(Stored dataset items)
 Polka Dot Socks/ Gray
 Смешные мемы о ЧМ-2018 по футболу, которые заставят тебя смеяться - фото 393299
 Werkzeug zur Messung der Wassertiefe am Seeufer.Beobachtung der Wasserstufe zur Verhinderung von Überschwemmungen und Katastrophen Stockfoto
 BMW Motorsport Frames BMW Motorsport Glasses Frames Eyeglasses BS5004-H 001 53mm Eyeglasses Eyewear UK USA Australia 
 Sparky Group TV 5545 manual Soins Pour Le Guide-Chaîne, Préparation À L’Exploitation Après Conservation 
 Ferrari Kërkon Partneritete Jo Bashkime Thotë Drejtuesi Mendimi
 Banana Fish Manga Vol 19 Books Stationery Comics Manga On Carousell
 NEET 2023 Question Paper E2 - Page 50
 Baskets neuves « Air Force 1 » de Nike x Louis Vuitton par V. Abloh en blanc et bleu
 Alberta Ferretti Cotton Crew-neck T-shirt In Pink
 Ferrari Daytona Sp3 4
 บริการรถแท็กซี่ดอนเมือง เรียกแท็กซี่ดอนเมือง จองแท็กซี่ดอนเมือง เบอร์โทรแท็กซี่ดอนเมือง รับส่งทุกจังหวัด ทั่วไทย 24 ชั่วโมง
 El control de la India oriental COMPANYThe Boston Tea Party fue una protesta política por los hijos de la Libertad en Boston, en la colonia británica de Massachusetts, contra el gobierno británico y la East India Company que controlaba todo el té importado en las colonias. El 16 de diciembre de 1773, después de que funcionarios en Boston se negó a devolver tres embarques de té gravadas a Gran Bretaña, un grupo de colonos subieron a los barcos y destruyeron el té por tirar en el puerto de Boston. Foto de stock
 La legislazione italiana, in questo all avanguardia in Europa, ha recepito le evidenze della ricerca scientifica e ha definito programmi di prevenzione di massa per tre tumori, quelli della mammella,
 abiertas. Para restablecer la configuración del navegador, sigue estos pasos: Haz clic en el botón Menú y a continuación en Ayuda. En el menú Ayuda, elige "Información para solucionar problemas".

> _PROBLEM TO SOLVE_
From the records above, transcribe exactly the run of lines that opens with the line holding "BMW Motorsport Frames" and closes with the line holding "Ferrari Daytona Sp3 4", both included.

> _EXERCISE ANSWER_
 BMW Motorsport Frames BMW Motorsport Glasses Frames Eyeglasses BS5004-H 001 53mm Eyeglasses Eyewear UK USA Australia 
 Sparky Group TV 5545 manual Soins Pour Le Guide-Chaîne, Préparation À L’Exploitation Après Conservation 
 Ferrari Kërkon Partneritete Jo Bashkime Thotë Drejtuesi Mendimi
 Banana Fish Manga Vol 19 Books Stationery Comics Manga On Carousell
 NEET 2023 Question Paper E2 - Page 50
 Baskets neuves « Air Force 1 » de Nike x Louis Vuitton par V. Abloh en blanc et bleu
 Alberta Ferretti Cotton Crew-neck T-shirt In Pink
 Ferrari Daytona Sp3 4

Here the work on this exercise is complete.